Early in the season many believed Pillar had turned the corner. Through April he hit .301/.339/.505 and despite a less productive May (.252/.328/.398) Pillar seemed to be a lock as the Jays lead-off hitter. 

Then the incident happened. And by incident I mean the time Pillar yelled a homophobic slur at Atlanta Braves pitcher Jason Motte, triggering a wave of condemnation and press reaction from sports and non-sports media far and wide, as well as a two-game suspension.

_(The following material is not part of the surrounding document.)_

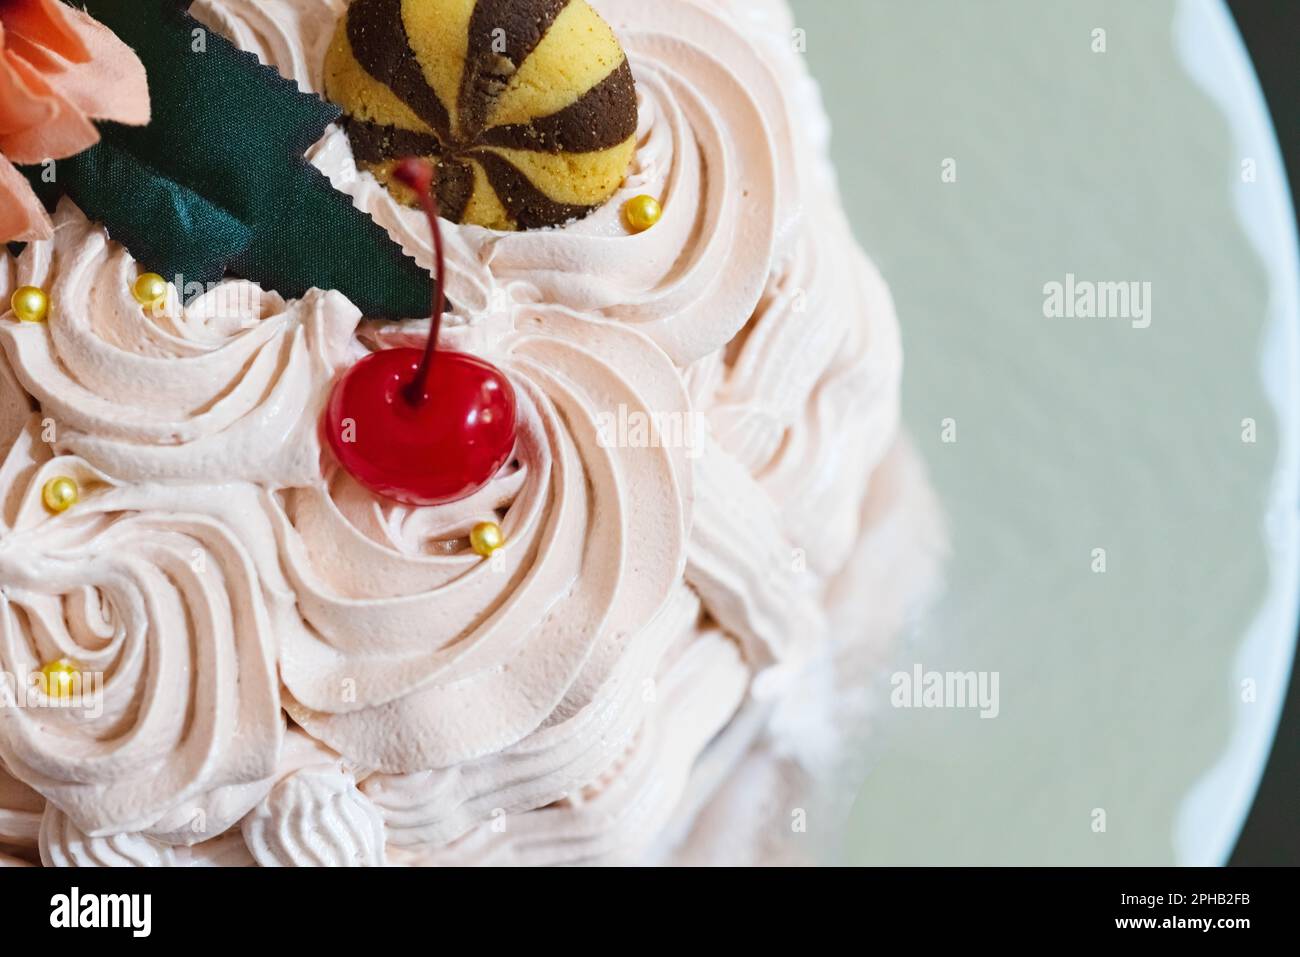 Korbförmiger Kuchen mit Süßigkeiten, Keksen und Blumen. Ostern markiert das Ende der Heiligen Woche, in den USA als Spring Break bekannt Stockfoto

Pillar’s homophobic outburst happened on May 17 and at the time he was hitting .305/.357.498 and enjoying the best start of his career. In the ten games following the suspension his batting average was only .154. By the end of May he was batting .277/.333/.451 and by June 30 his OPS had dropped significantly, down to .698 from a high of .874 on May 16. 

It’s hard to know for sure if the firestorm he created caused his performance to drop or if he was simply regressing to his normal below-average-hitting self. It could be a combination of factors but as far as approach goes, there’s a clear problem. He loves to swing at everything, especially at bad pitches out of the zone. Even worse: how often he put them in play for easy outs. 

Last August, Mario Puciuc at Fangraphs looked at both Pillar’s chase rate as well as his whiff rate. Puciuc found Pillar connected with an impressive number of bad pitches outside of the strike zone. As of August 18 he ranked 20th in soft contact, largely because of a low whiff rate on bad pitches. 

Sometimes he gets lucky. Most famously in the 2016 playoffs when he hit a double to tie the 2016 Wild Card game. According to August Fagerstrom that hit was off a pitch that was the “10th-highest height-adjusted pitch that went for a hit out of 382,450 hits in the PITCHf/x era.” So, this isn’t a new problem. 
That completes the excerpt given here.